Generative Art: Part 1

Episode #49 • Mar 4, 2019 • Free Episode

Now that we have made randomness both composable and testable, let’s have a little fun with it! We are going to explore making some complex generative art that is built from simple, composable units.

This episode is free for everyone.

Subscribe to Point-Free

Access all past and future episodes when you become a subscriber.

See plans and pricing

Already a subscriber? Log in

Introduction

In the last two episodes (part 1 and part 2) we finally made the Gen type testable. We did this by altering the type so that it wasn’t a function that goes from Void to a type A, but instead it takes an inout parameter of a random number generator and then produces a random A value. This meant that we could no longer just hit run on our generators and get a random value back, but instead we had to provide a random number generator. This was a good thing because it meant that in production we could supply the system random number generator that comes with Swift, but in tests we could provide a pseudo random number generator that is seedable so that we could produce the same pattern of randomness with each run of the tests.

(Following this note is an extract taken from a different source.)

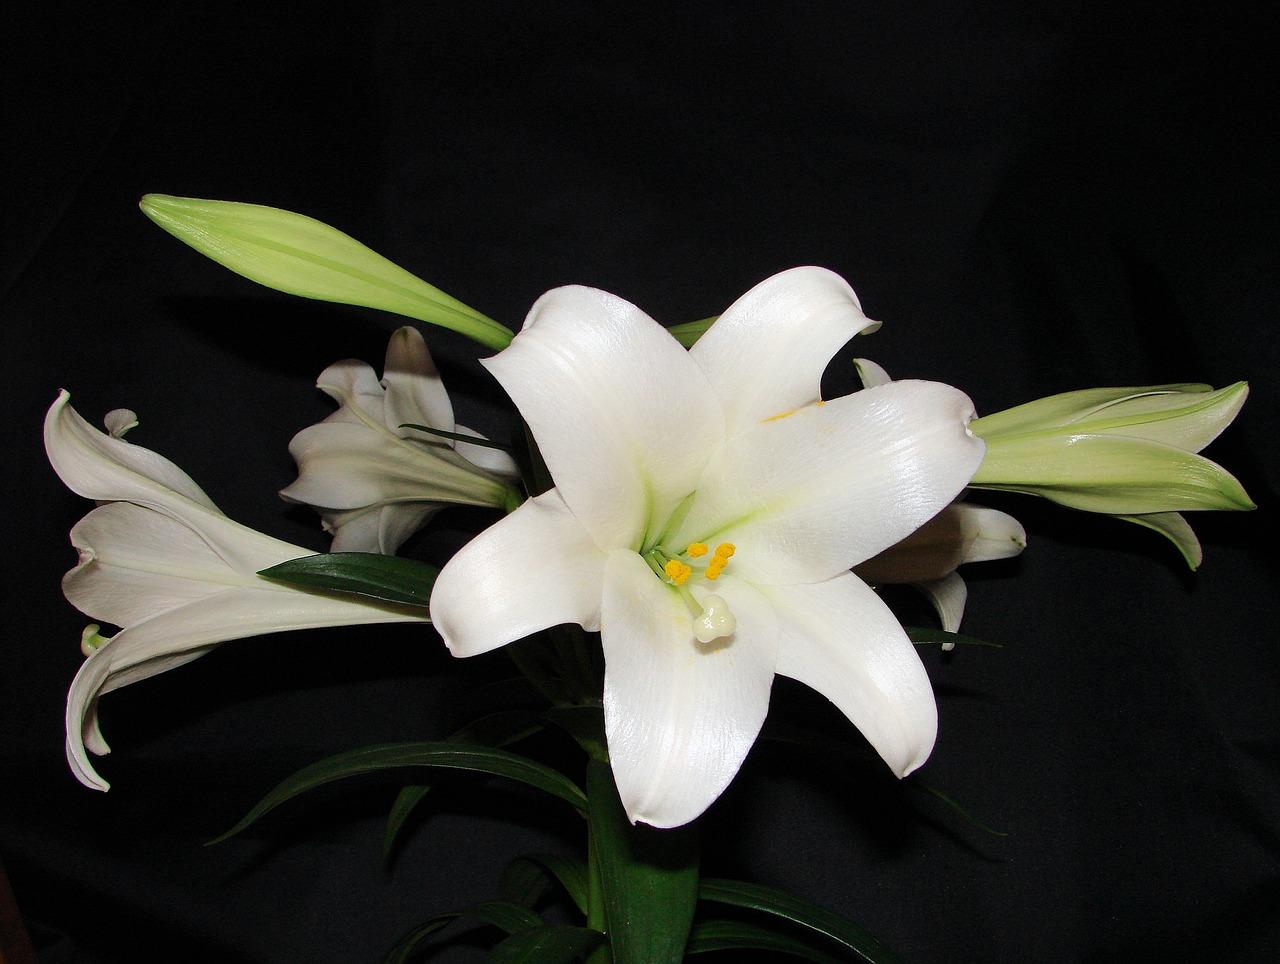 Lilyflowerspringfloralblossom free photo from needpix lilyflowerspringfloralblossomplantseasonnature izmirmasajfo

The best part of all of this was that we achieved testability of the Gen type without sacrificing any of the composition that made Gen great. We were still allowed to easily map, zip, flatMap generators and even create higher-order functions that return generators in the exact same way we did before make the change to the Gen type. The only thing that changed was that at the moment of wanting to run your generator you must supply the random number generator.

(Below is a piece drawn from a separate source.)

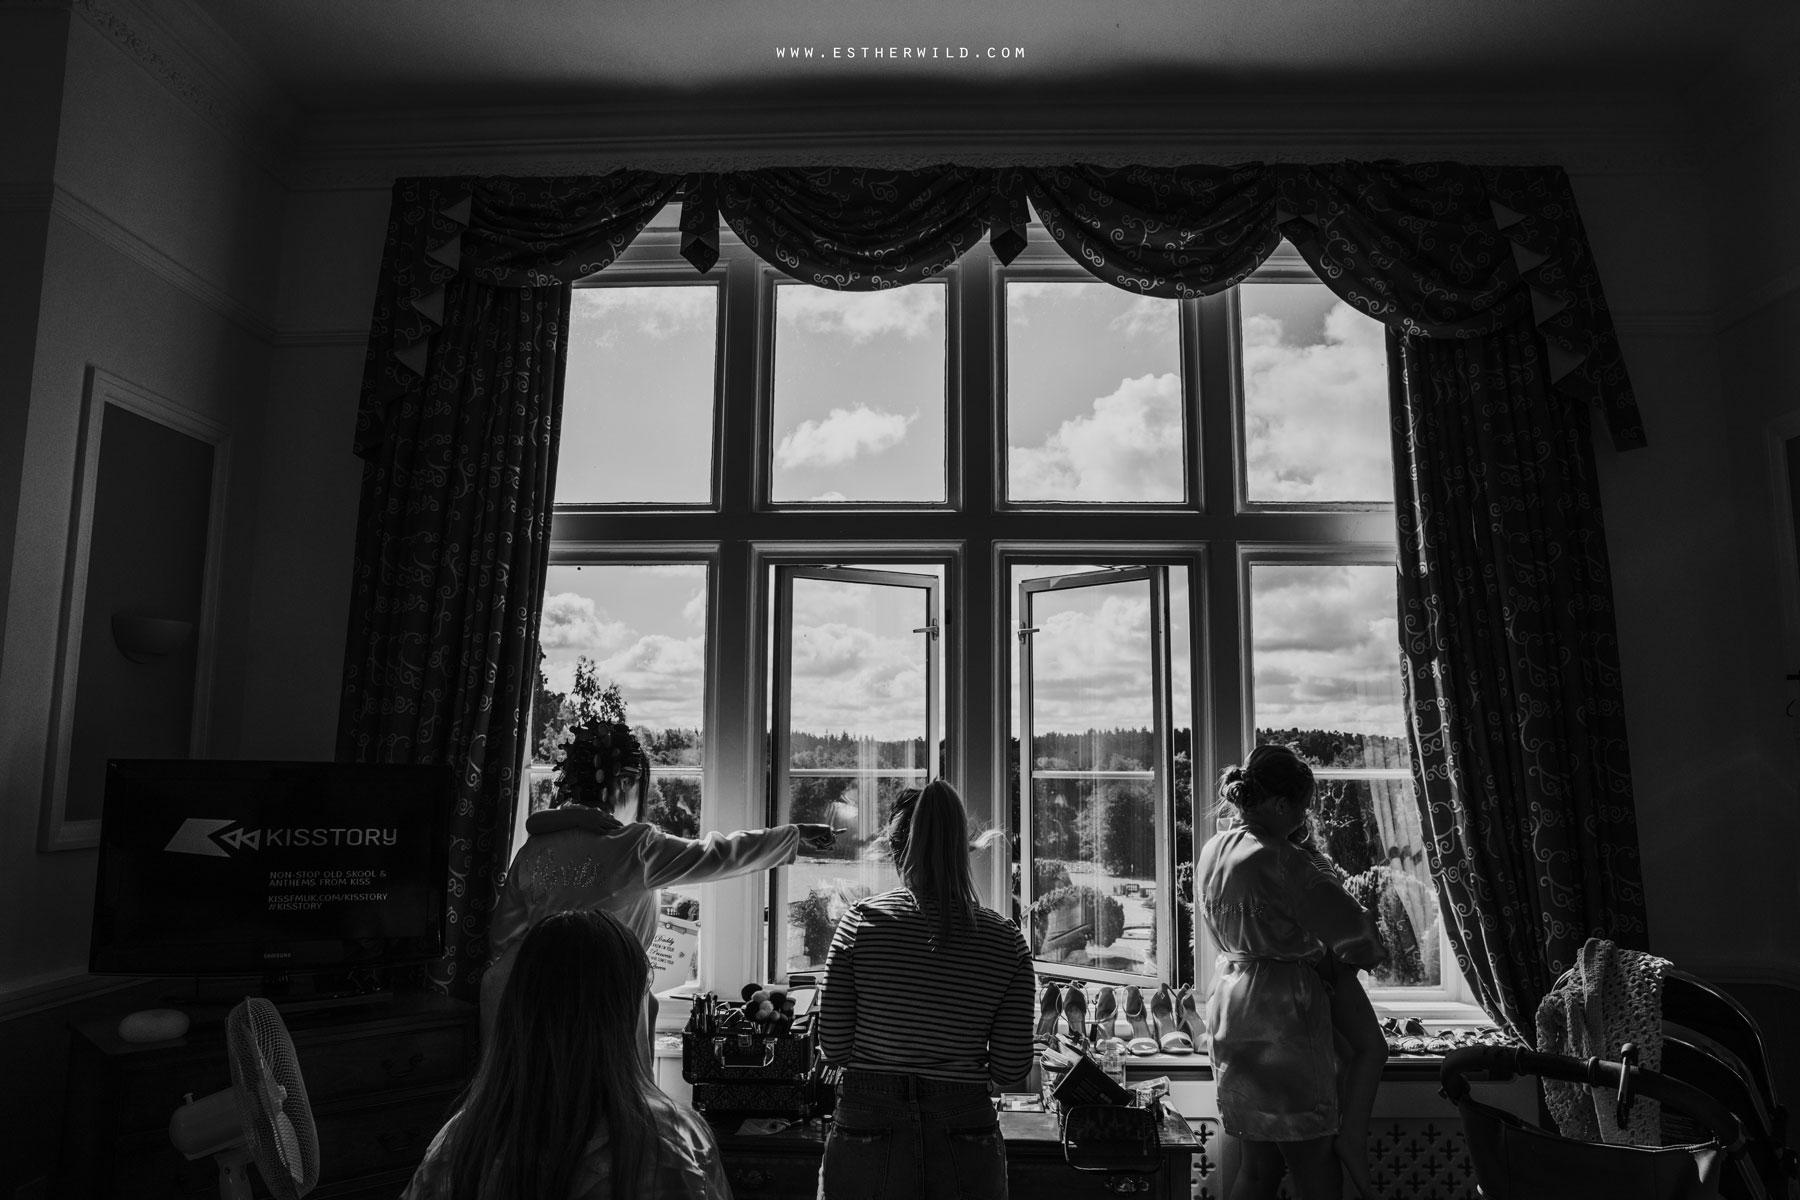 Lynford_Hall_Wedding_Thetford_Mundford_Esther_Wild_Photographer_IMG_0172-2.jpg

The trick we employed to make Gen testable, where we fed it an inout parameter, is a universal one, and goes to the heart of how one can manage complex state. We’ll get into that in more detail someday, but today we are going to have some fun with the Gen type to show how to break down a complex problem into a bunch of simple pieces that plug together.

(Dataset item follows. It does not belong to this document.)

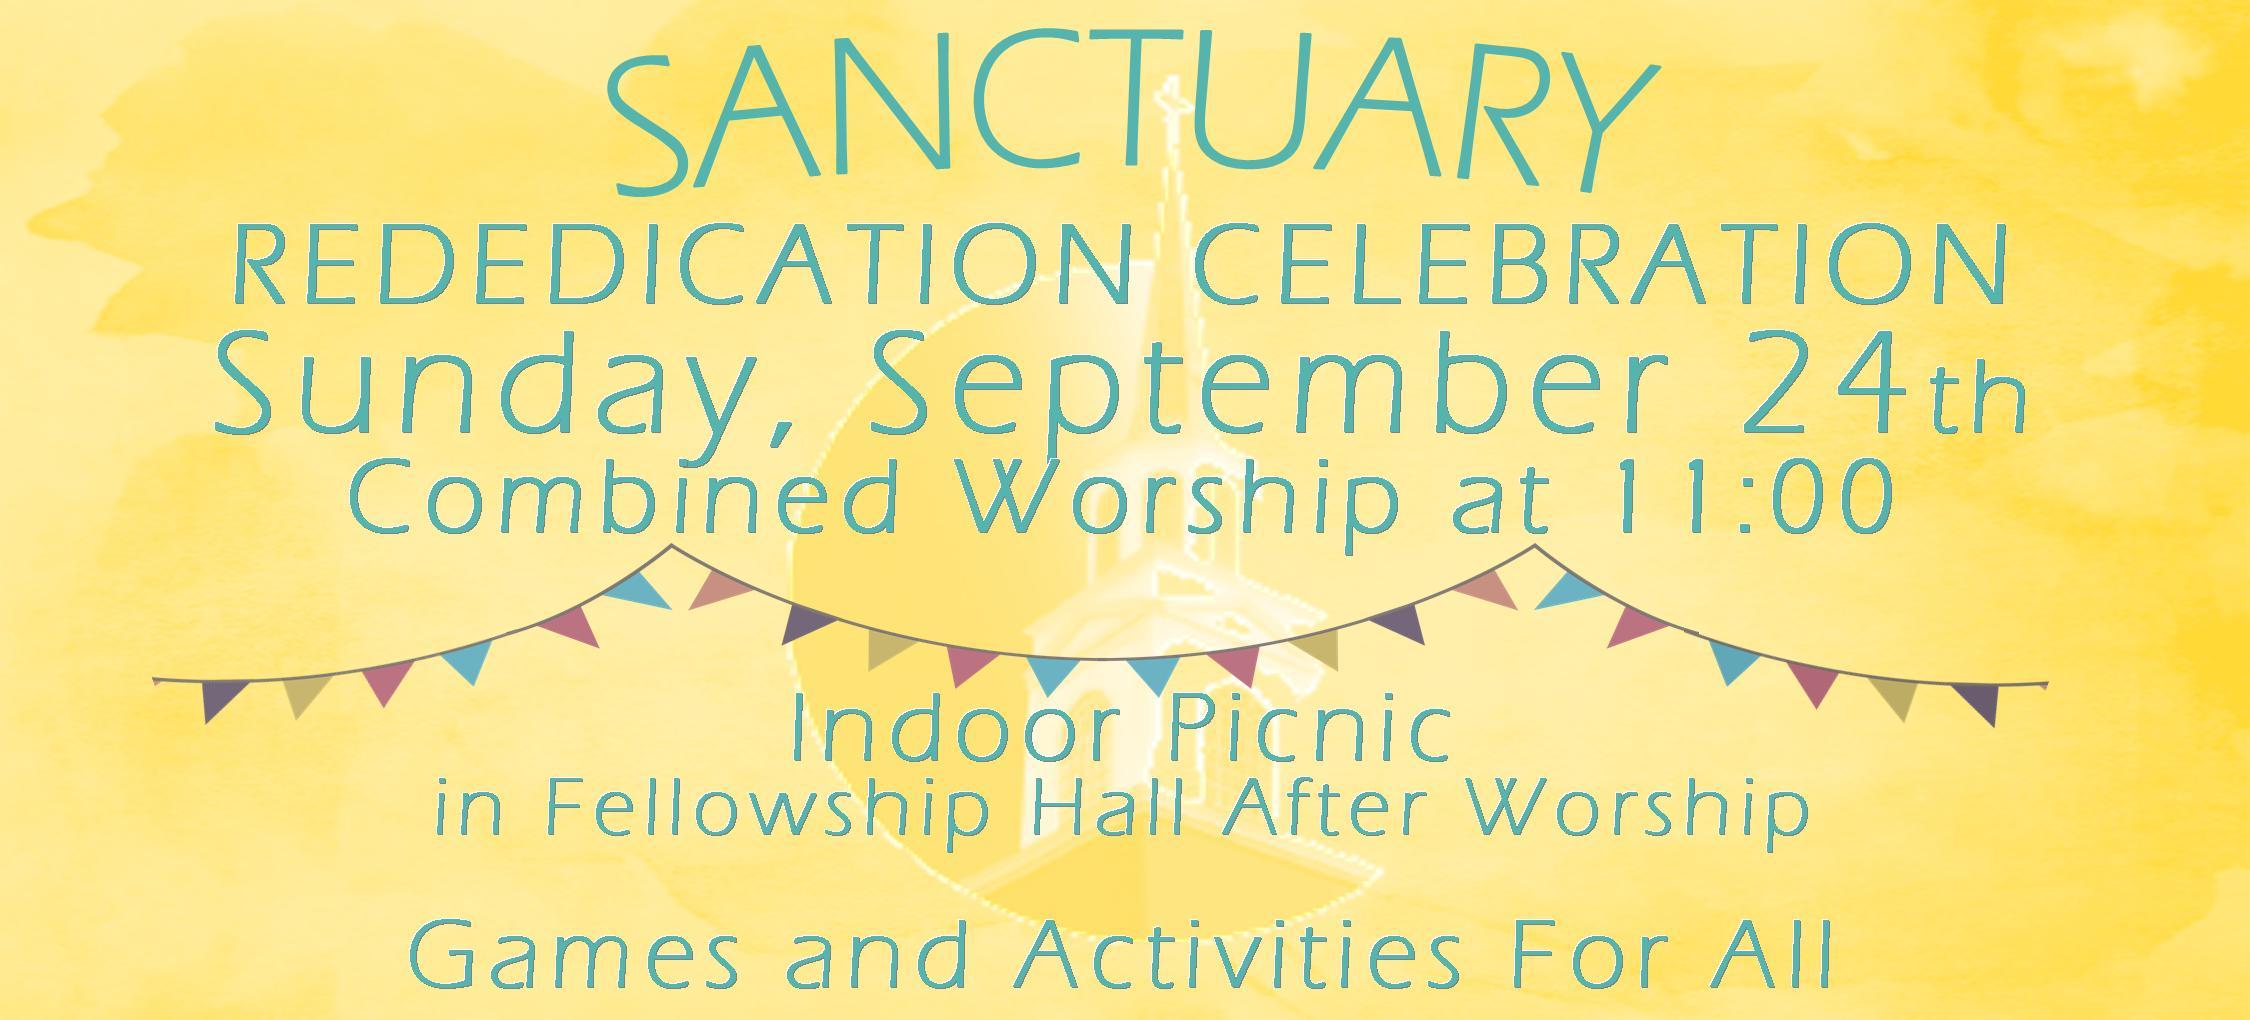 Rededication Sanctuary Slider Rev 091517.jpg

We’re going to create some generative art using Gen and not only make it predictable for testing, but we are even going to snapshot test it. The generator we are going to create is quite complex, and so it will be really nice to get test coverage on it so that we can refactor and improve it without fear that we are breaking something.

Generative art

We are going to take some inspiration from the album artwork of the band Joy Division, which has a nice wave form pattern.

We’ll build up lots of little generator helpers that will plug together to form mega generator for generating UIImages.

Roughly this is going to be accomplished by using CoreGraphics to draw each curve that makes up a line in the graphic. And each line will be made up of lots of little line segments that trace out the curve. We’ll need to come up with some equations to define the curves, as well as some parameters to randomly perturb them, like their position, width, height, and little bit of noise to give it some fuzziness.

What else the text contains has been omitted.